Бес потрясенно отнял пистолет от виска. Оторвал. Как живое. Как кусок себя. Ему почудилось: в виске дыра, она сочится темным медом, и он уже мертв, и это его призрак рассматривает пистолет, и сейчас тяжелая черная зверюшка провалится сквозь призрачную прозрачную ладонь, с грохотом упадет на пол.
— Я тебя убью! Сука!
Он мгновенно стал трезв, насквозь весь прозрачен, как чисто, безжалостно вымытый, досуха вытертый грязным полотенцем стакан.
На дальней станции пригородной электрички поздние пассажиры видели, как бежит по обледенелой платформе худой парнишка в черной кожаной куртке, и страшное, косое, как разбитый фонарь, лицо его освещает угольную наледь под ногами, груды выеденного сажей снега под платформой, столбы, ветер, холод, ночь.
Он несся через холмы и черные поля. Он несся по перрону черного вокзала. Он умалишенно несся через весь этот черный город, и уши и щеки его белели на проклятом ветру с Финского залива, выдувающем из живого последний огонь и последнюю жизнь, и он задыхался, слушая свои хрипы и свисты в легких, — так бесстрастно слушает свое задыханье плывущий и тонущий в ледяном океане.
Он несся по наметенному снегу, выше снега, над снегом. Он резал ночь телом. Он хохотал, он хватал свои слезы беспомощным ртом, и его слезы резали ему губы. Оттого, что он быстро бежал, он еще не замерз совсем. Прохожих не было почти. Город лежал под лютым ветром с моря пустой, белый и черный, каменный и ледяной. Люди исчезли.
«Сейчас ты тоже исчезнешь. Сейчас».
…прогрохал литыми берцами мимо вахтерши — старуха только крякнула, как черная утка с Фонтанки, ему вслед: «Куда?! Куда?!» — а он уже несся по лестнице, по гулкому коридору, — и он понял: коридор черный и длинный, как ствол, а ее комната — дуло, и сам он — пуля, и сейчас он выстрелит собой — в нее.
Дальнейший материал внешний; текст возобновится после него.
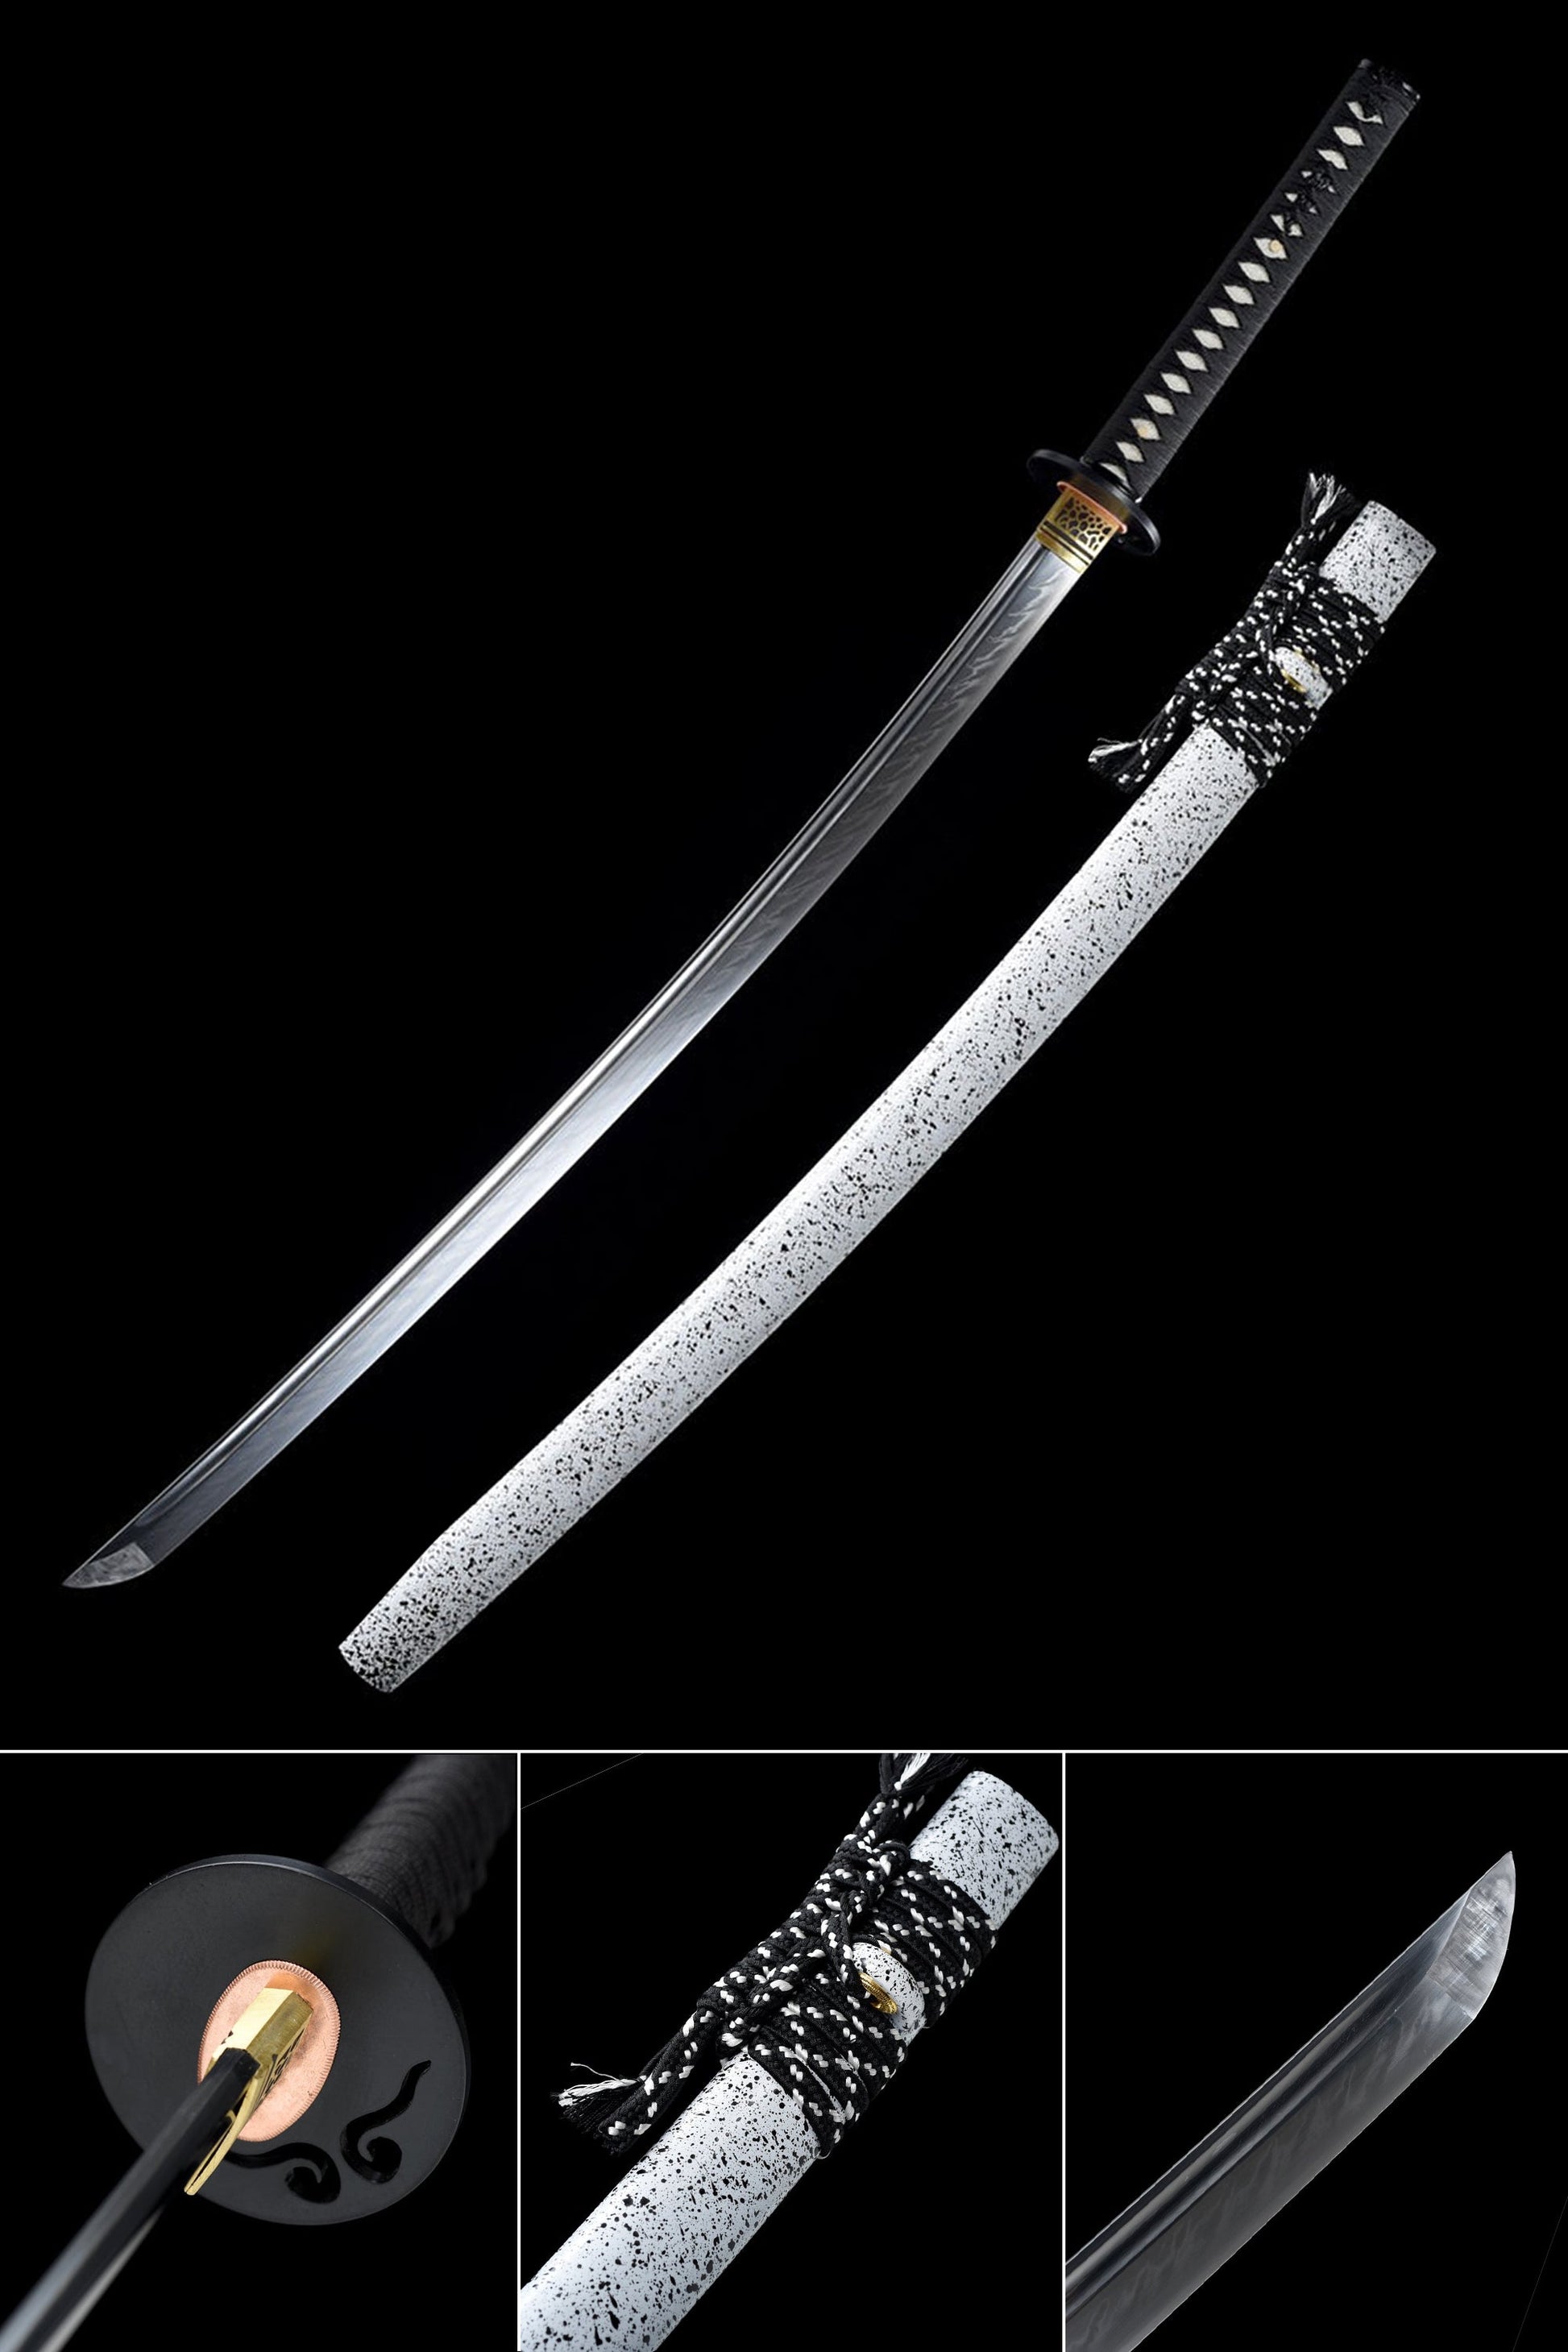 Hand Forged Katana,Lightning Engraving Blue Branches Classic – Swordsuk -  Handmade Japanese Samurai Katana Swords In The UK

Дверь была заперта. «Они спят! Спят вместе». Бес чуть отбежал, размахнулся плечом, бешено, люто двинул деревяшкой плеча, всем отвердевшим телом в дверь, и она хрякнула, пискнула, отлетела.
— Ты! Дрянь!
Она, кажется, закрывала, своим телом этого, итальяшку, распластанную на казенной койке лягушку чернявую, и лягушка презренно натягивала простыню на подбородок, и лягушка, кажется, вопила: «Ио соно морто!» — а он уже наводил пистолет, и ему стало вдруг весело, совсем не страшно, потому что он не видел ее лица, лица Тонкой, лица любимой его, он не видел ее, но знал, она стоит перед ним, и кричит, да, он слышал ее, и надо стрелять в звук, в крик, чтобы крик оборвался, чтобы осталось одно молчание, одно сияние, одно…
…проснись! Эй, очнись, парень! Замерзнешь ведь! Эй! Ну!
Бес лежал на набережной Невы, и его жесткий черный ежик и сведенную на морозе колом чертову кожу его «косухи» заметал легкий, тонкий, призрачный снег.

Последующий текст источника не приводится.